Input Sanitization for Agentic Systems: What Actually Works
KC Udonsi on the production sanitization layer that sits between untrusted input and the model.
7 / 65 confirmed
Speaker
About
Agentic systems amplify every classic LLM safety problem. A prompt injection isn't a jailbreak anymore, it's remote code execution by way of your assistant, or an intellectual property or data leak. A PII leak isn't a compliance footnote, it's training data for a vendor's next model. And as agents start reading tool outputs, retrieved documents, and other agents' messages, the trusted-input boundary disappears entirely.

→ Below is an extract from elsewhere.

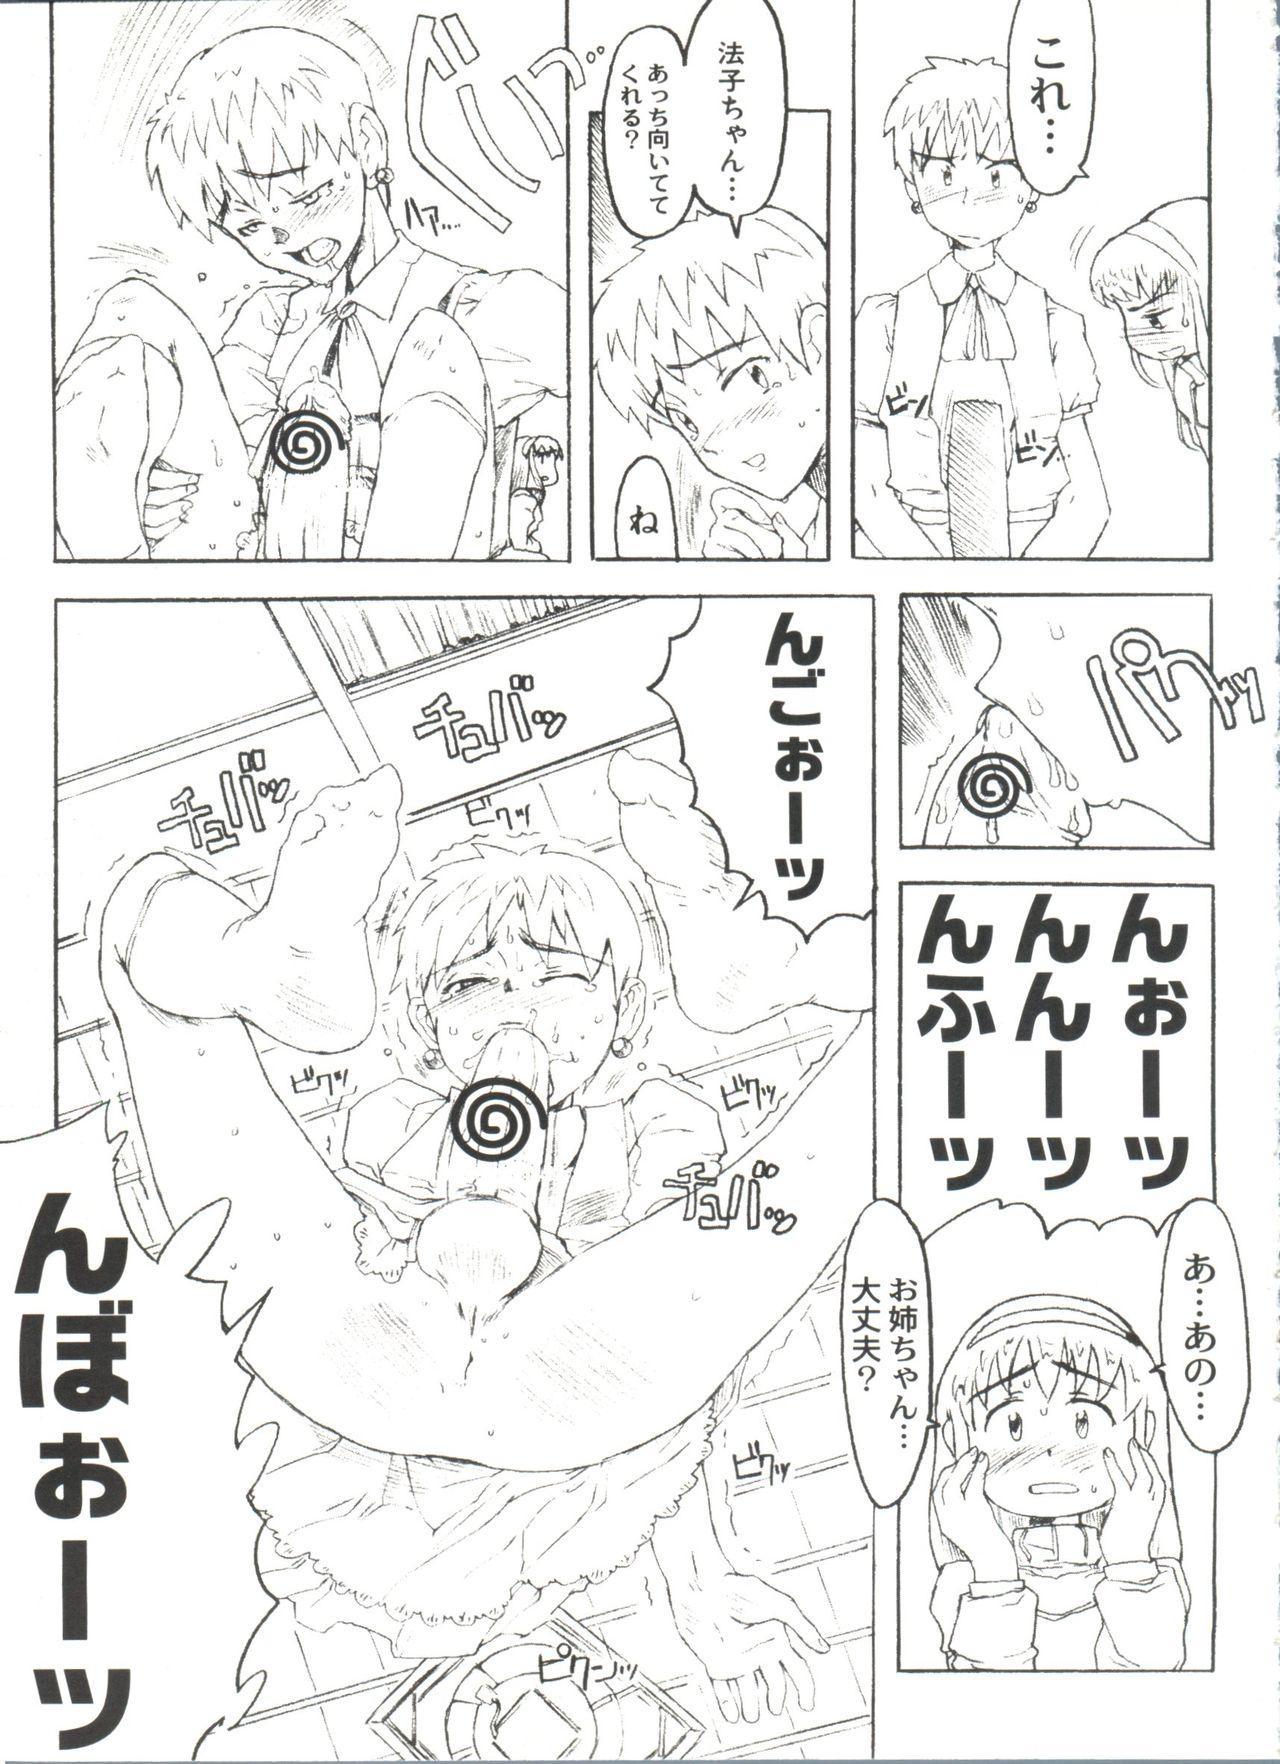 [Anthology] Denei Tamatebako 8 - Utakata no Tenshi-tachi II (Various) 80

This talk walks through the design of a production sanitization layer that sits between untrusted input and the model, regardless of whether that input comes from a user, a tool, or another agent.
What we cover
- Why generic guardrails fail. Regex gets bypassed in seconds. Bracketed PII redaction like
[NAME_1]actively provokes hallucinations. Single-classifier approaches miss paraphrased attacks. - A layered detection model: heuristics, fine-tuned classifiers, semantic drift, and LLM-as-judge. When each pays for itself and when it doesn't.
- Context-preserving pseudonymization: replacing PII with structurally valid fakes (real names, reserved IPs, 555-phones) instead of placeholders, and why this keeps downstream reasoning intact.
- Integration trade-offs: transparent proxy vs SDK hook vs sidecar gRPC. Latency budgets, blast radius, and the operational cost of each.
You leave with a concrete reference architecture, the failure modes we hit in production, and the numbers behind why some "obvious" defenses make things worse.